Logo Questions Linux Laravel Mysql Ubuntu Git Menu
 

CUDA Thrust slow when operating large vectors on my machine

Tags:

c++

c

cuda

thrust

I'm a CUDA beginner and reading on some thrust tutorials.I write a simple but terribly organized code and try to figure out the acceleration of thrust.(is this idea correct?). I try to add two vectors (with 10000000 int) to another vector, by adding array on cpu and adding device_vector on gpu.

Here is the thing:

#include <iostream>
#include "cuda.h"
#include "cuda_runtime.h"
#include "device_launch_parameters.h"
#include <thrust/device_vector.h>
#include <thrust/host_vector.h>

#define N 10000000
int main(void)
{
    float time_cpu;
    float time_gpu;
    int *a = new int[N];
    int *b = new int[N];
    int *c = new int[N];
    for(int i=0;i<N;i++)
    {
        a[i]=i;
        b[i]=i*i;
    }
    clock_t start_cpu,stop_cpu;
    start_cpu=clock();
    for(int i=0;i<N;i++)
    {
        c[i]=a[i]+b[i];
    }
    stop_cpu=clock();   
    time_cpu=(double)(stop_cpu-start_cpu)/CLOCKS_PER_SEC*1000;
    std::cout<<"Time to generate (CPU):"<<time_cpu<<std::endl;
    thrust::device_vector<int> X(N);
    thrust::device_vector<int> Y(N);
    thrust::device_vector<int> Z(N);
    for(int i=0;i<N;i++)
    {
        X[i]=i;
        Y[i]=i*i;
    }
    cudaEvent_t start, stop;
    cudaEventCreate(&start);
    cudaEventCreate(&stop);
    cudaEventRecord(start,0);       
    thrust::transform(X.begin(), X.end(),
        Y.begin(),
        Z.begin(),
        thrust::plus<int>());
    cudaEventRecord(stop,0);
    cudaEventSynchronize(stop);
    float elapsedTime;
    cudaEventElapsedTime(&elapsedTime,start,stop);
    std::cout<<"Time to generate (thrust):"<<elapsedTime<<std::endl;
    cudaEventDestroy(start);
    cudaEventDestroy(stop); 
    getchar();
    return 0;
}

The CPU results appear really fast, But gpu runs REALLY slow on my machine(i5-2320,4G,GTX 560 Ti), CPU time is about 26,GPU time is around 30! Did I just do the thrust wrong with stupid errors in my code? or was there a deeper reason?

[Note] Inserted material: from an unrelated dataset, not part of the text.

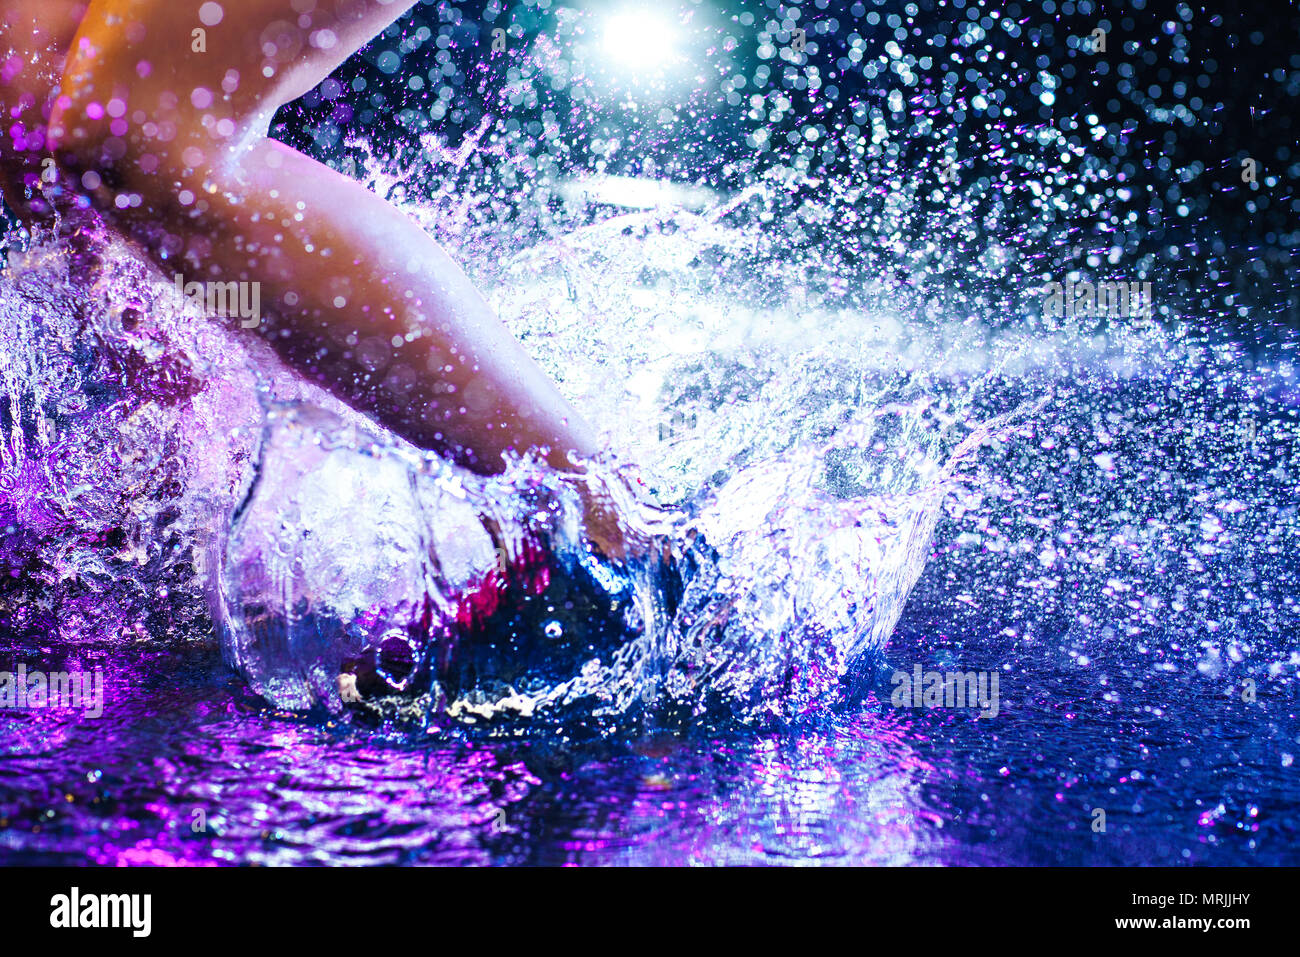 Woman jumping on water with big splashes. Legs and shoes close-up. Studio with rain and drops interior. Stock Photo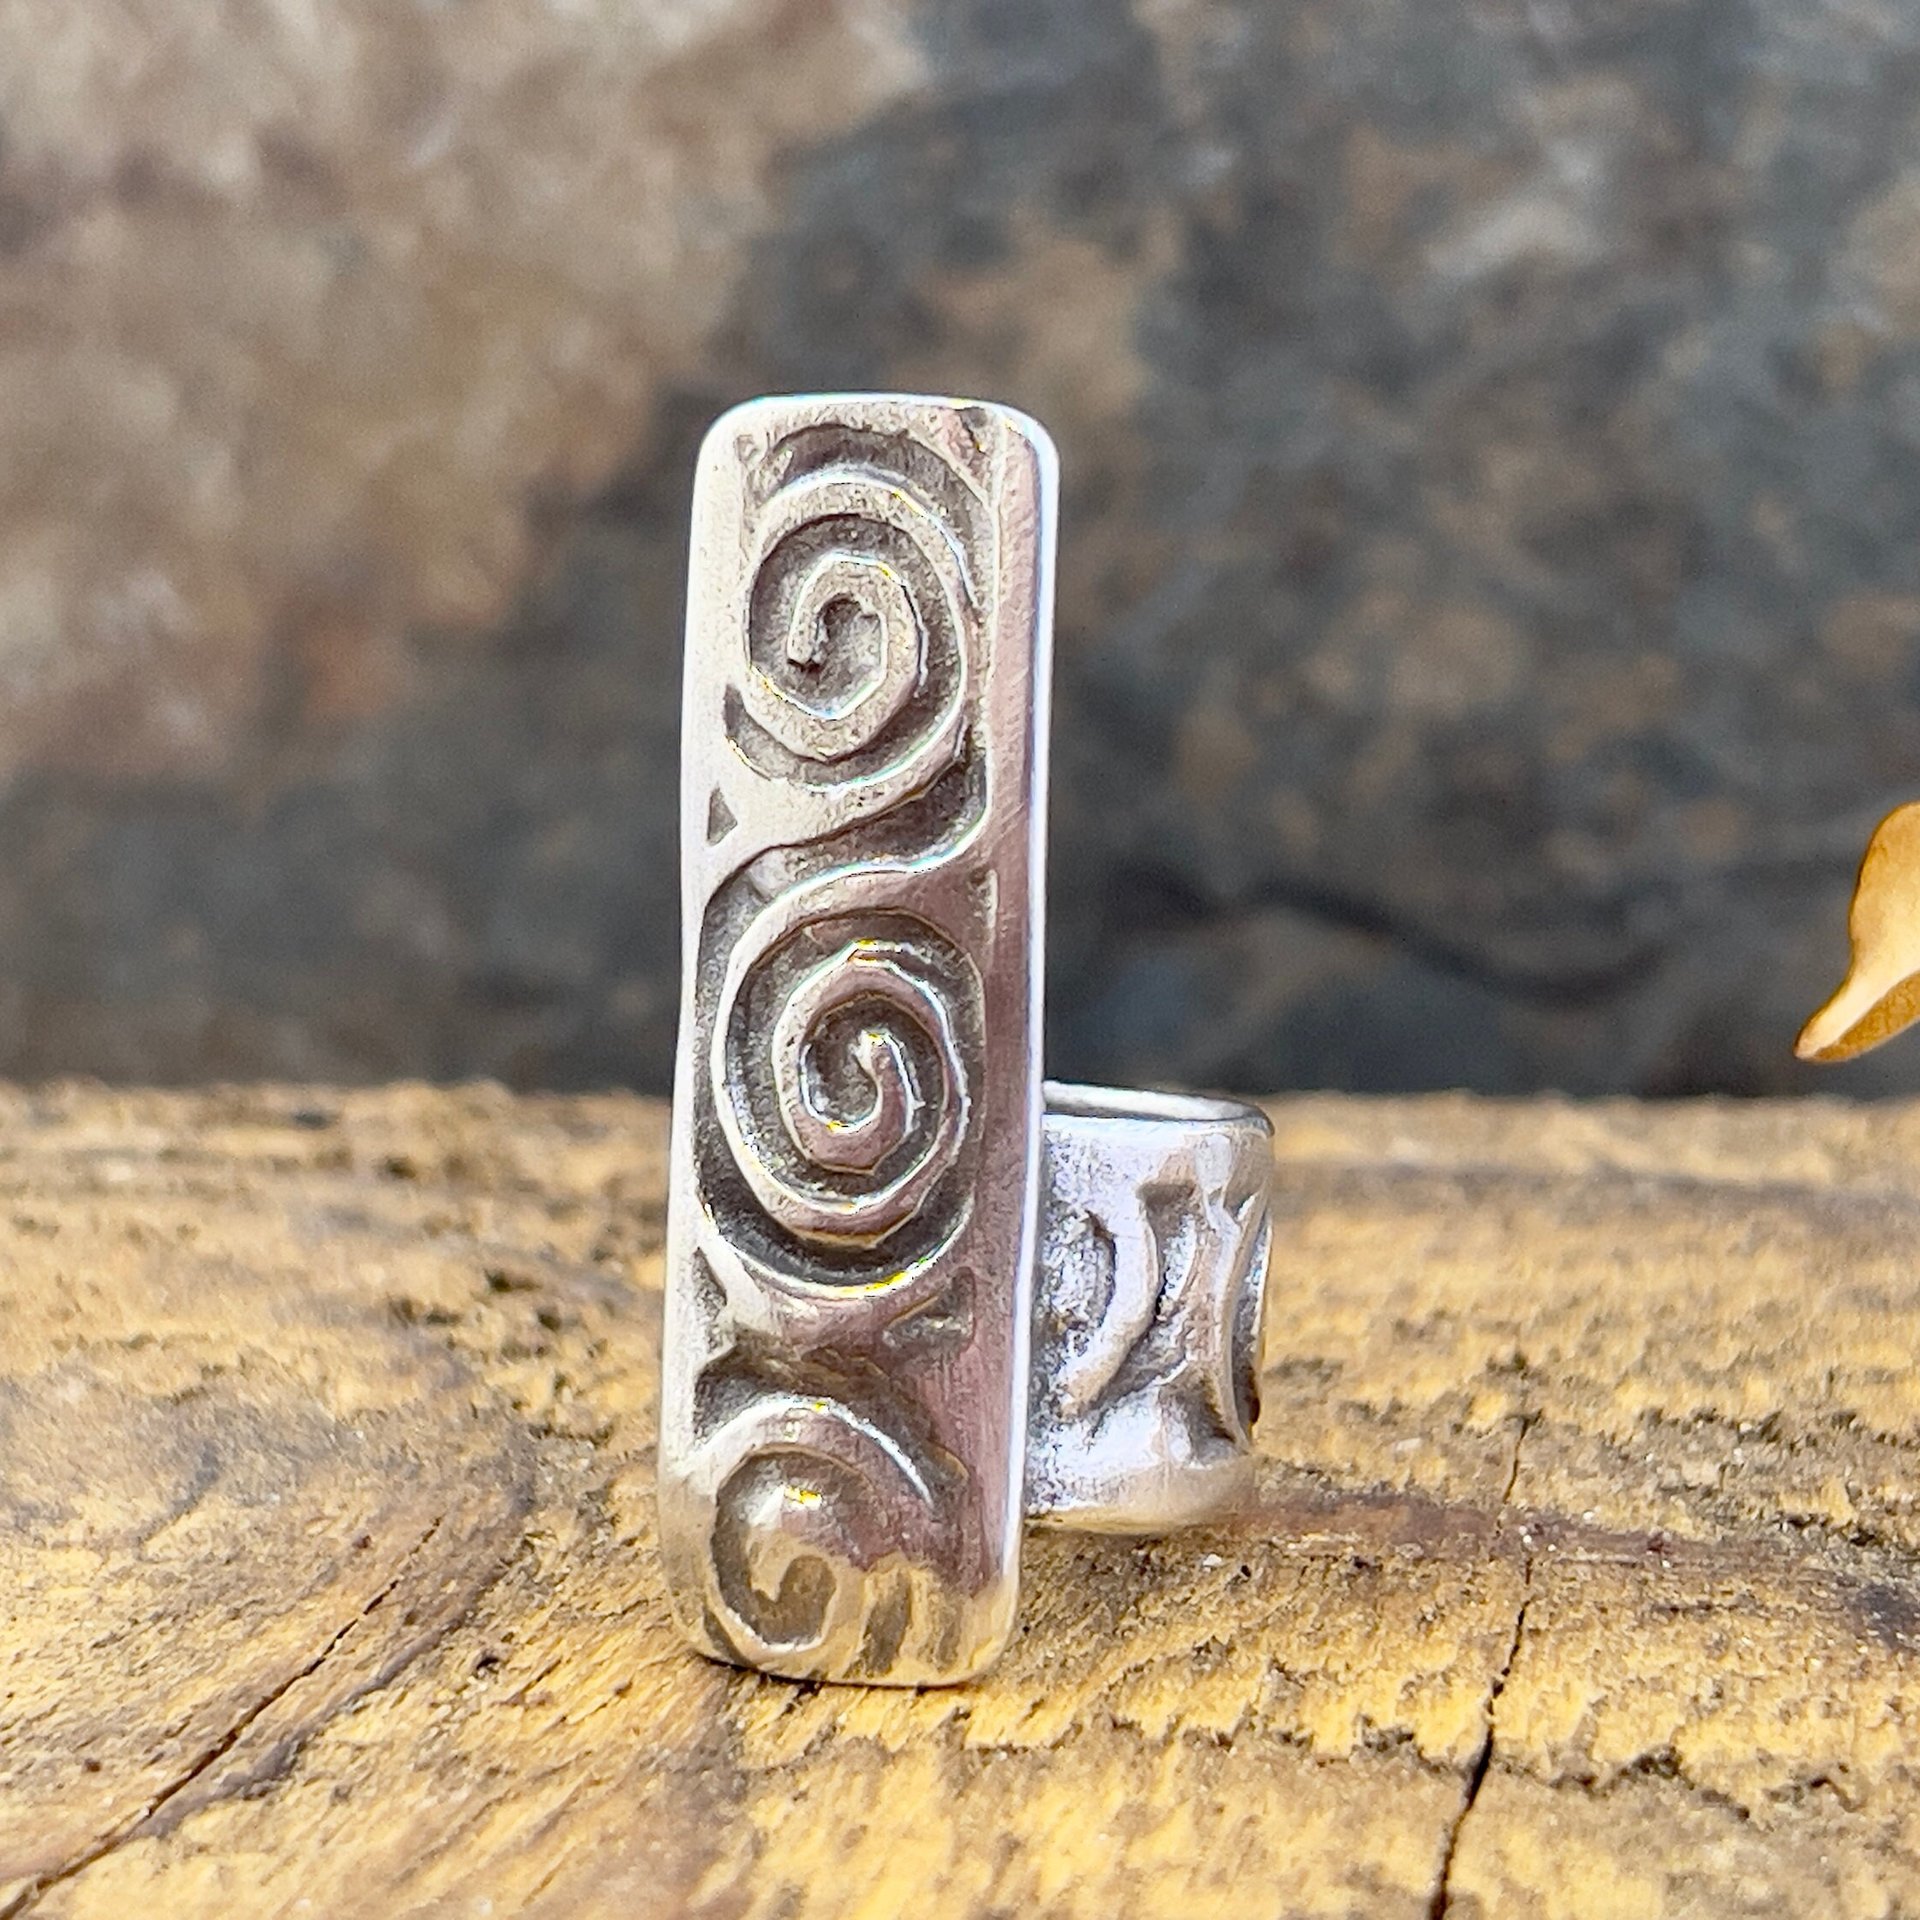 Silver Spiral Ring, Sterling Silver 960, Irish Celtic Spirals, Shied Ring, Statement Jewelry, Druid Pagan, Earthy Rustic Jewelry, Eternity

As a C++ rookie, I checked my code over and over and still got a slower time on GPU with thrust, so I did some experiments to show the difference of calculating vectorAdd with five different approaches. I use windows API QueryPerformanceFrequency() as unified time measurement method.

Each of the experiments looks like this:

f = large_interger.QuadPart;  
QueryPerformanceCounter(&large_interger);  
c1 = large_interger.QuadPart; 

for(int j=0;j<10;j++)
{
    for(int i=0;i<N;i++)//CPU array adding
    {
        c[i]=a[i]+b[i];
    }
}
QueryPerformanceCounter(&large_interger);  
c2 = large_interger.QuadPart;  
printf("Time to generate (CPU array adding) %lf ms\n", (c2 - c1) * 1000 / f);

and here is my simple __global__ function for GPU array adding:

__global__ void add(int *a, int *b, int *c)
{
    int tid=threadIdx.x+blockIdx.x*blockDim.x;
    while(tid<N)
    {
        c[tid]=a[tid]+b[tid];
        tid+=blockDim.x*gridDim.x;
    }
}

and the function is called as:

for(int j=0;j<10;j++)
{
    add<<<(N+127)/128,128>>>(dev_a,dev_b,dev_c);//GPU array adding
}   

I add vector a[N] and b[N] to vector c[N] for a loop of 10 times by:

  1. add array on CPU
  2. add std::vector on CPU
  3. add thrust::host_vector on CPU
  4. add thrust::device_vector on GPU
  5. add array on GPU. and here is the result

with N=10000000

and I get results:

  1. CPU array adding 268.992968ms
  2. CPU std::vector adding 1908.013595ms
  3. CPU Thrust::host_vector adding 10776.456803ms
  4. GPU Thrust::device_vector adding 297.156610ms
  5. GPU array adding 5.210573ms

And this confused me, I'm not familiar with the implementation of template library. Did the performance really differs so much between containers and raw data structures?

like image 829
Tony Avatar asked Sep 27 '12 14:09

Tony


2 Answers

Most of the execution time is being spent in your loop that is initializing X[i] and Y[i]. While this is legal, it's a very slow way to initialize large device vectors. It would be better to create host vectors, initialize them, then copy those to the device. As a test, modify your code like this (right after the loop where you are initializing the device vectors X[i] and Y[i]):

}  // this is your line of code
std::cout<< "Starting GPU run" <<std::endl;  //add this line
cudaEvent_t start, stop;   //this is your line of code

You will then see that the GPU timing results appear almost immediately after that added line prints out. So all of the time you're waiting is spent in initializing those device vectors directly from host code.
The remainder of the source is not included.